I was also thinking about unique factorisation domains and things like a + b*sqrt(2). These are the Gaussian integers, they factorise uniquely, they multiple fairly inexpensively and mod is ok – it involves some multiplication and then an integer mod I think and sometimes you have to do that twice.

So instead of 32 bits for 1 integer you could have 16 bits for a and for b. I’m not quite sure what it gets you. I think you get a lot more primes in N+N bits of Gaussian integers than you do with 2*N bits of integers so you end up being able to include higher powers of more primes without the number of bits blowing as quickly.

So integers are good if you have some elements that occur in your bags with much higher multiplicities than others, you assign the small primes to them and the bigger ones to those that occur with low multiplicities. The Gaussian integers are better if you have a flatter distributions as they have more “small” primes.

I’m not sure if a + b*sqrt(2) + c*sqrt(3) also gets you a UFD but if it does I bet it has way more small primes again. I expect, the more sqrts you add on the close you get to something very flat.

**Darius Bacon** on September 3, 2010

So it worked all right for this use; but did it work *better* than Python’s built-in set type? I guess it probably used less space — was that why you tried it?

**b0b0b0b** on September 3, 2010

I think this approach is useful for sparse sets. I tried something like this for a fast poker hand evaluator I wrote. Anyway, consider an enum set with 52 possible elements; using a bitmask we have a constant cost of 52 bits to represent any subset (4e15). Using the primes method, a lower bound on the number representing “every element” is 52!, which google tells me is 8e67. I have a feeling I’m rehashing what others have said, but I wanted to say it in these terms.

**Marco** on September 9, 2010

Intriguing.

Of course, representing a set of 20 elements out of at most 100,000 through basic concatenation only requires 340 bits. Since the average prime for a set of at most 100,000 is 622607 [1] the probability that the prime method leads to a more compact representation for a uniformly distributed set is really small. On average, it will never overtake it [2]. Searching a short list is probably more efficient (and trivially parallel) than modulo arithmetic on very large numbers. Still, it seems worth seeing/doing some analysis on bloom filter vs. prime set vs. concatenation. Do you have some references to those papers?

Also, it seems like you’re wasting bits. For example, 60 doesn’t factor into distinct primes. Instead it factors into 2*2*3*5. So 60 is equivalent to 30 in your system. Not sure how you’d fix that.

dwmaloneon September 2, 2010I think union and intersection correspond to lcm and gcd in this framework, so there are cheap ways to compute them.

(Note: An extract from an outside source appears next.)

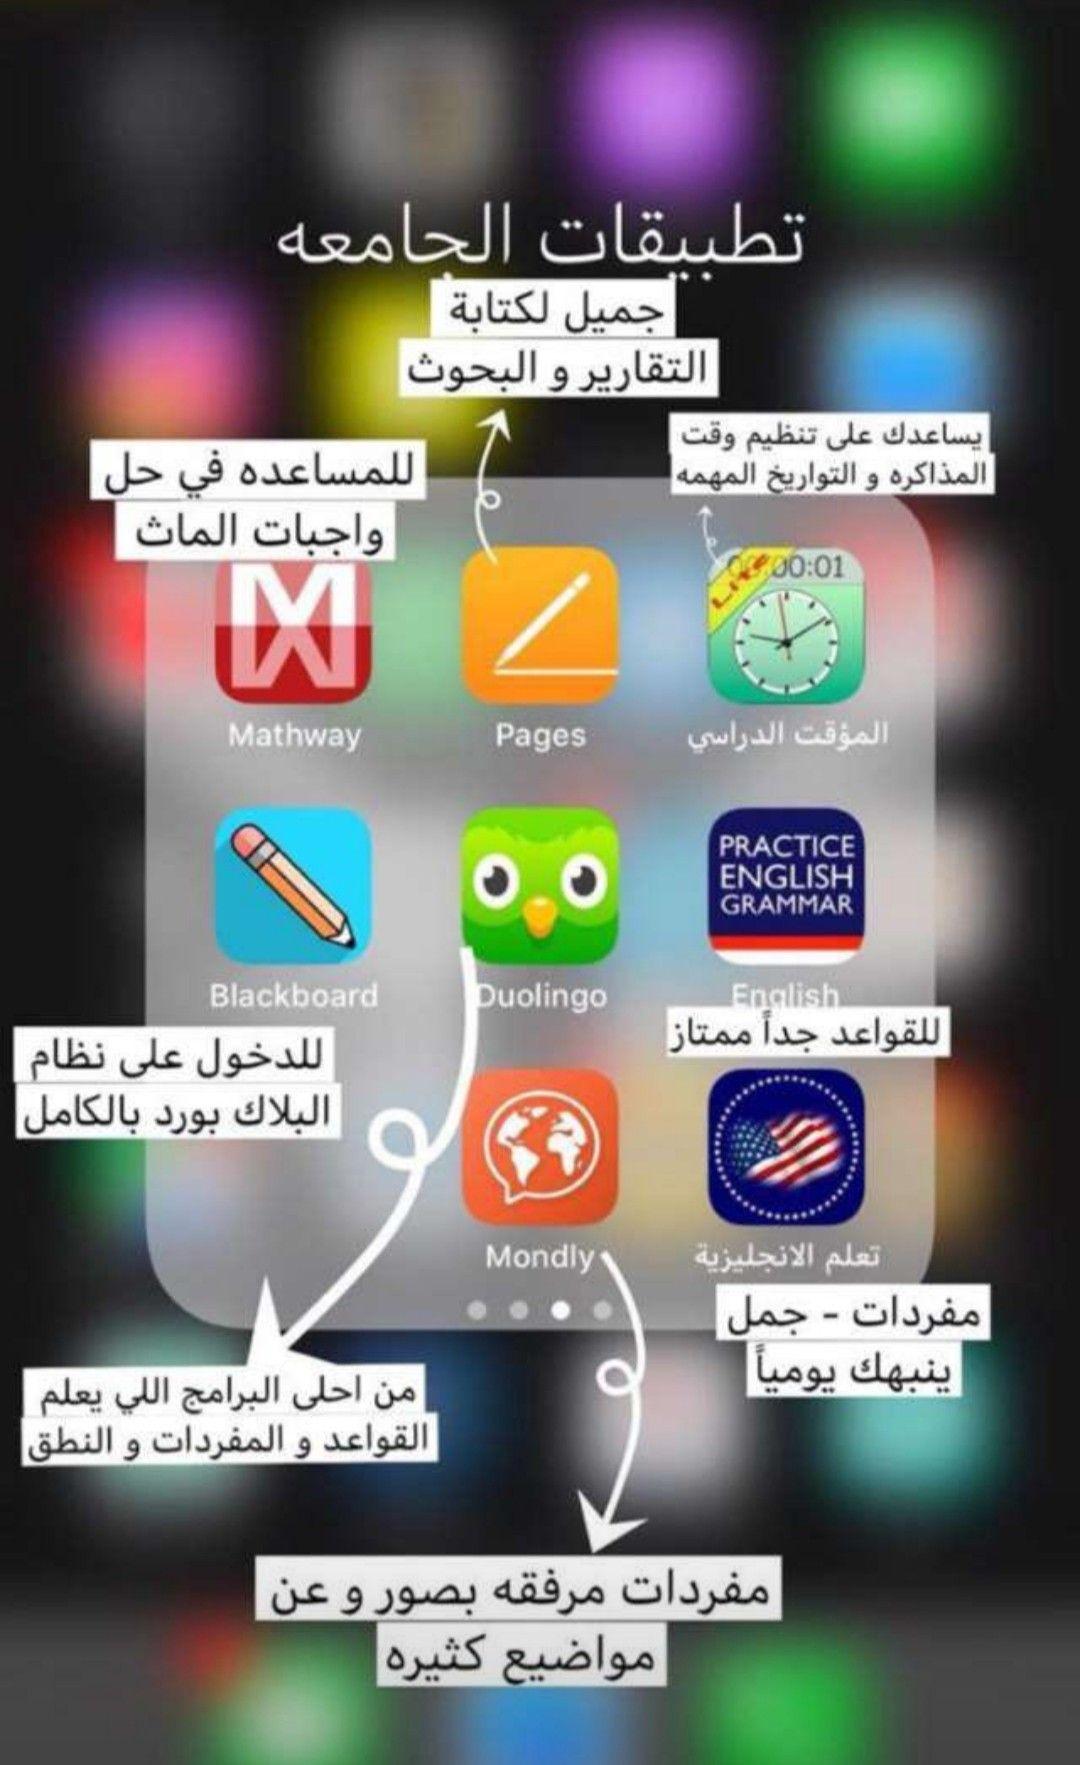 Pin By Mohammed Al Harbi On تقنية In 2020 Practice English Grammar English Grammar Grammar

I was trying to understand why this is better than a bitmask, where the test operations are even cheaper and you get union and intersection cheaply. I guess that you are depending on the fact that the sets that you actually want to store are small relative to the total number of elements, otherwise things will be very big and inefficient.

From an information theory point of view, this explains why you seem to need a relatively small number of bits. In your space of things that you want to encode, you’ve assigned a zero probability to many of the objects, so you’re only leaving space for (N \choose 20) rather than 2^N.